TASK DIRECTIONS: Your answer should hold only the line containing "Background Dark wood" and each line that follows it in the listing, copied exactly.

——————————

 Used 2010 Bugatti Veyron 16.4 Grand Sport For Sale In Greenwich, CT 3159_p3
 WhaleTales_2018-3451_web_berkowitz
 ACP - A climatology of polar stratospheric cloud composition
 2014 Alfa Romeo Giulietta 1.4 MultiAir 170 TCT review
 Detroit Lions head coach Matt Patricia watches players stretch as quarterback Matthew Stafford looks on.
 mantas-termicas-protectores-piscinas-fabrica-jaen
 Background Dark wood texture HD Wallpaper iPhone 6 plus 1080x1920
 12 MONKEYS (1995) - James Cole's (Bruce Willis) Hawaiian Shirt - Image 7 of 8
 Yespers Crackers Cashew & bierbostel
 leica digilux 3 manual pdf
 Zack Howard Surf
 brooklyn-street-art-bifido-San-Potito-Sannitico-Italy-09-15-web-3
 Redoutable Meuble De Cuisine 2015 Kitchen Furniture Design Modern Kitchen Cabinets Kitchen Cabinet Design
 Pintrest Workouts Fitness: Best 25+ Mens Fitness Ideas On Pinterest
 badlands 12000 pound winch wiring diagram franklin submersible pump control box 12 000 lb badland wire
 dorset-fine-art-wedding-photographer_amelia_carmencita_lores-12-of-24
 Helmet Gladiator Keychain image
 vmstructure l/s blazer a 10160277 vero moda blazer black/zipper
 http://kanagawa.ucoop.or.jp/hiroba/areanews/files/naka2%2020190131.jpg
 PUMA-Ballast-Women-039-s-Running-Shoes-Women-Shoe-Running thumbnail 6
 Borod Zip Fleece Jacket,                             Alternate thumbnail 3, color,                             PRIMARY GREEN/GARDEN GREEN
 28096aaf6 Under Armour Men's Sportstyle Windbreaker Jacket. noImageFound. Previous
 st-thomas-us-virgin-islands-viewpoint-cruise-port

——————————

TASK OUTPUT:
 Background Dark wood texture HD Wallpaper iPhone 6 plus 1080x1920
 12 MONKEYS (1995) - James Cole's (Bruce Willis) Hawaiian Shirt - Image 7 of 8
 Yespers Crackers Cashew & bierbostel
 leica digilux 3 manual pdf
 Zack Howard Surf
 brooklyn-street-art-bifido-San-Potito-Sannitico-Italy-09-15-web-3
 Redoutable Meuble De Cuisine 2015 Kitchen Furniture Design Modern Kitchen Cabinets Kitchen Cabinet Design
 Pintrest Workouts Fitness: Best 25+ Mens Fitness Ideas On Pinterest
 badlands 12000 pound winch wiring diagram franklin submersible pump control box 12 000 lb badland wire
 dorset-fine-art-wedding-photographer_amelia_carmencita_lores-12-of-24
 Helmet Gladiator Keychain image
 vmstructure l/s blazer a 10160277 vero moda blazer black/zipper
 http://kanagawa.ucoop.or.jp/hiroba/areanews/files/naka2%2020190131.jpg
 PUMA-Ballast-Women-039-s-Running-Shoes-Women-Shoe-Running thumbnail 6
 Borod Zip Fleece Jacket,                             Alternate thumbnail 3, color,                             PRIMARY GREEN/GARDEN GREEN
 28096aaf6 Under Armour Men's Sportstyle Windbreaker Jacket. noImageFound. Previous
 st-thomas-us-virgin-islands-viewpoint-cruise-port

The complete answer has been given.